The nematicidal efficacy of abamectin, boron, chitosan, hydrogen peroxide, Bacillus thuringiensis and oxamyl 24% SL against citrus nematode, Tylenchulus semipenetrans were examined on Valencia orange trees under field condition for two successive seasons (2017 and 2018). The experiment was conducted in a Valencia orange orchard infested with citrus nematode at Nubaria, El-Behera governorate, Egypt. The obtained results showed that all the tested treatments reduced nematode final population ((Pf) and reproduction factor (Rf) compared with that obtained from the untreated trees. The highest percentages of Pf reductions (74.5-83.4 %) and (70%-82%) were recorded with oxamyl, boron, abamectin, chitosan and H2O2 in the 1st and the 2nd tested seasons, respectively. Whereas, B. thuringiensis had the least nematode Pf reduction with 60.7 and 55.8% in the 1st and 2nd seasons, respectively. Additionally, all treatments significantly improved orange yield (30.9-83.2% increase), physical fruit parameters and orange juice properties. The highest orange yield increase (83.2%) was recorded with boron treatment followed by oxamyl (70.3%). Also, boron increased total soluble solids (TSS) by 13.6%, volume of orange juice (36.4%) and vitamin C (19.7%) and decreased juice acidity (A) by (16.7%). It is concluded that abamectin, boron and the other tested compounds have potential as non-chemical control strategy tools in managing the citrus nematode. These bioagents reduced the amount of traditional chemical nematicides and are considered to be environmentally safe.
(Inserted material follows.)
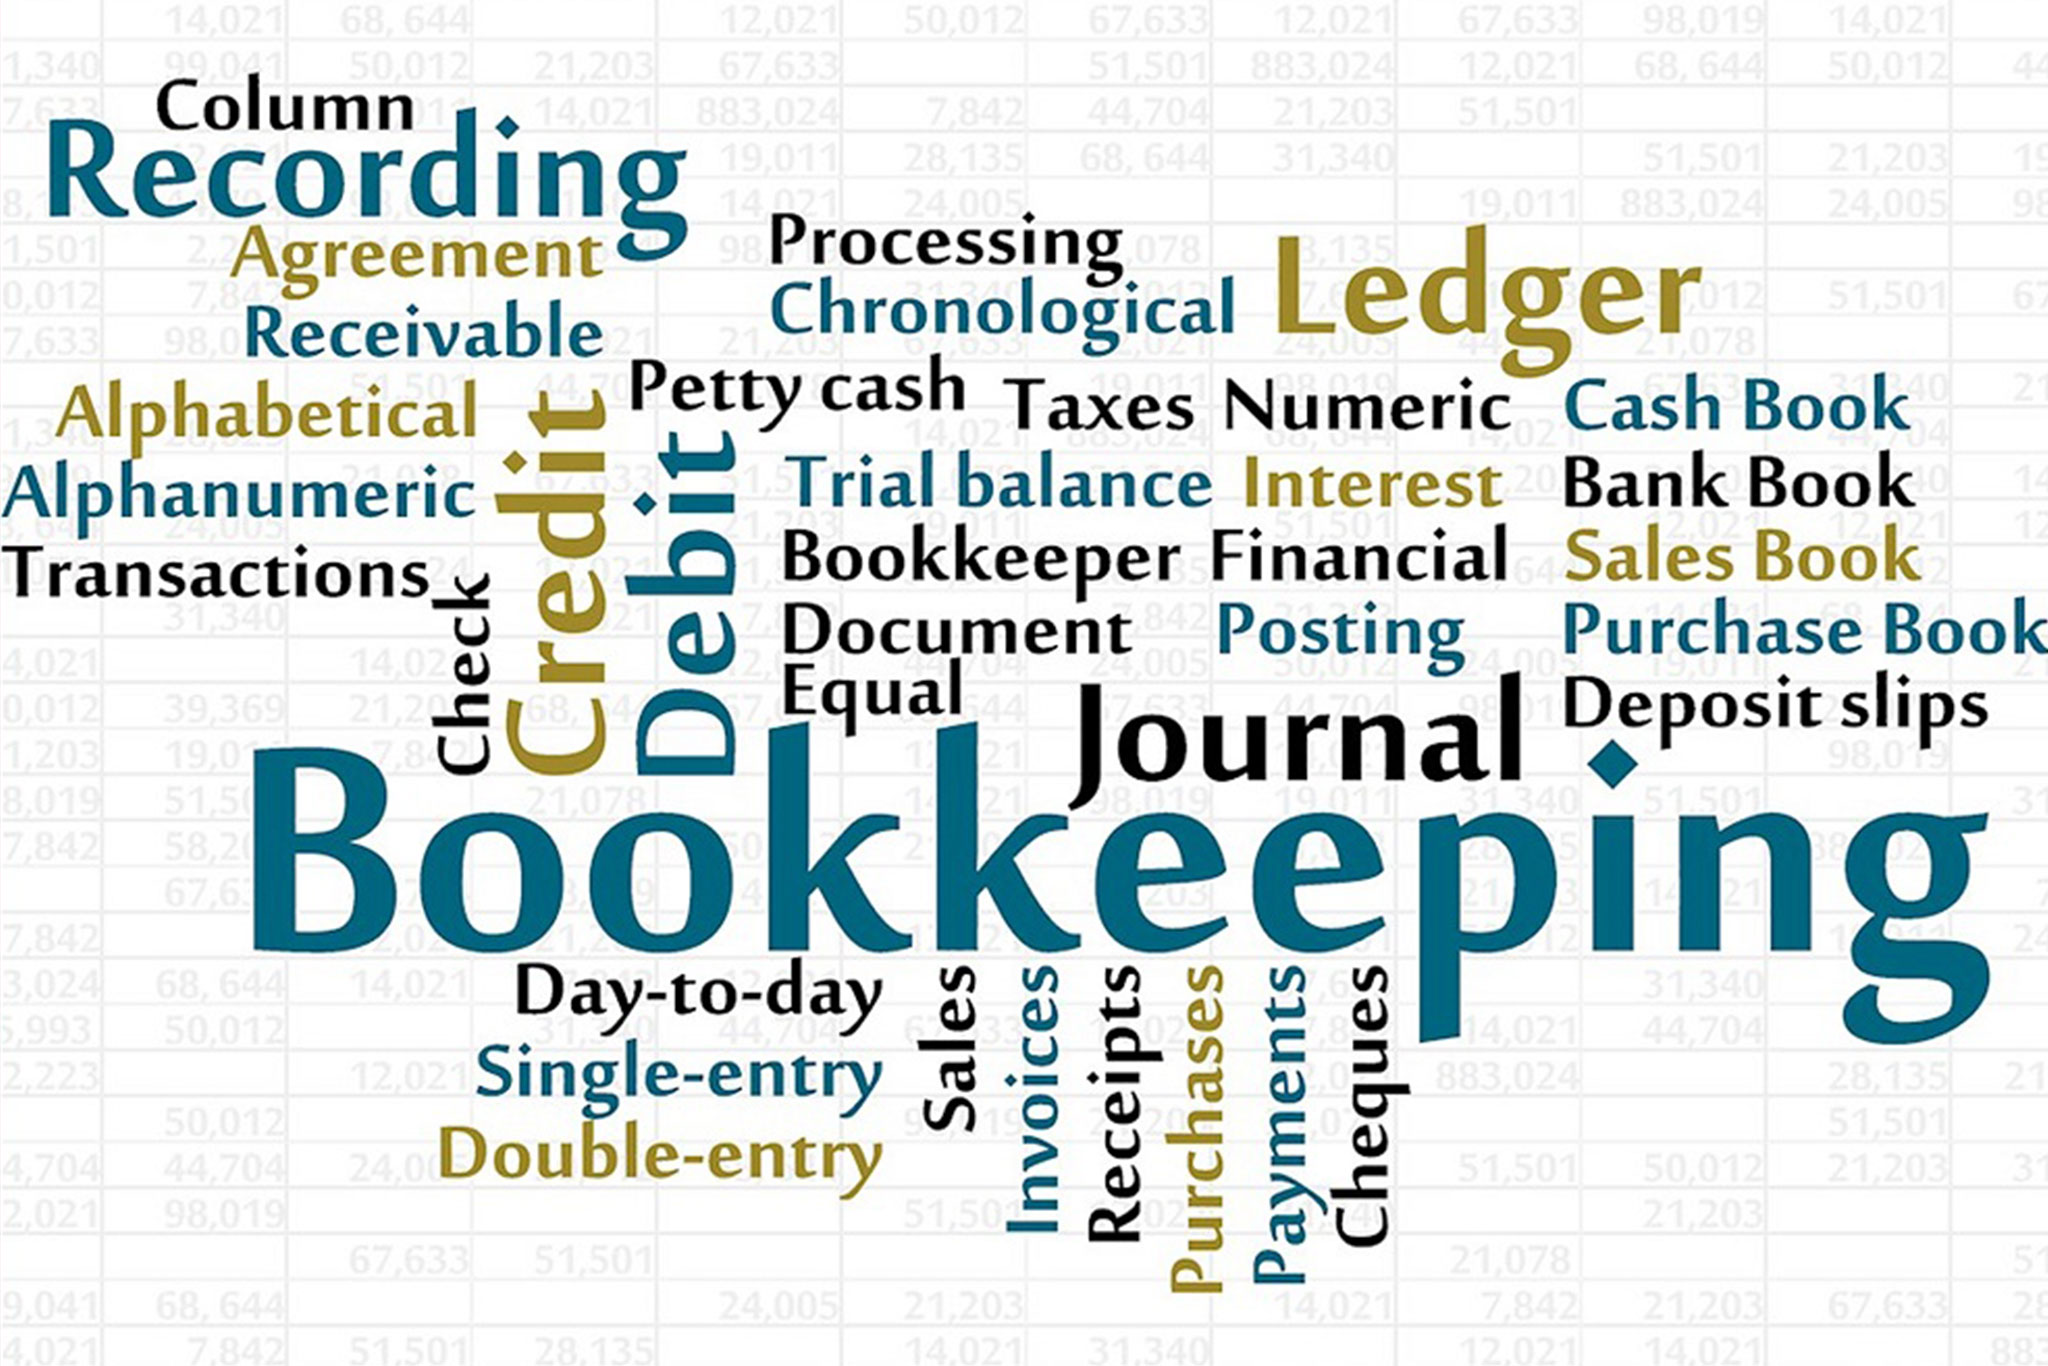 https://mclici.ca/wp-content/uploads/2022/05/bookkeeping_image.jpg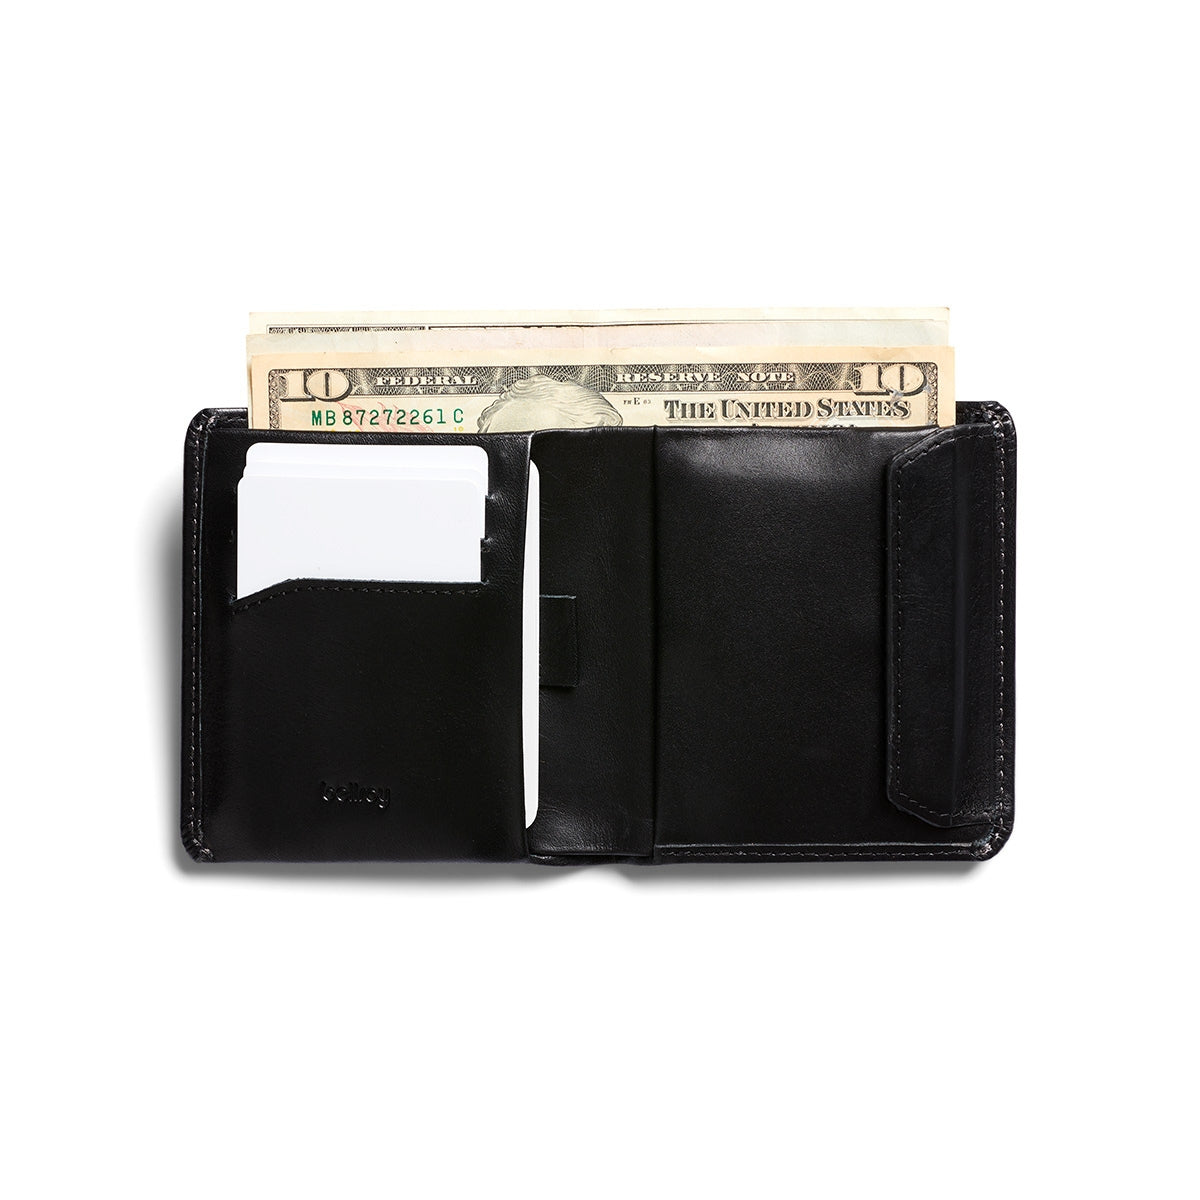 Bellroy Coin Wallet in Black

Egypt is the sixth largest orange producer and the second largest exporter in the world. Oranges represent the largest cultivated area of all citrus varieties in Egypt. Several orange varieties are produced in Egypt but Valencia and Navel orange are the main export varieties whereas others are more for domestic consumption. Orange production, in Egypt, has increased in the last years to meet the demand from local and foreign markets [1]. Many pathogens including plant-parasitic nematodes infect citrus and affect their quality and quantity [2]. The most widespread plant-parasitic nematodes in citrus orchard are Tylenchulus semipenetrans, Radopholus similis, Pratylenchus coffee and Meloidogyne spp. which cause significant economic losses worldwide [3].

Citrus nematode, T. semipenetrans is one of the major nematode pests that can induce considerable losses in citrus yield worldwide [4] and in Egypt [5,6].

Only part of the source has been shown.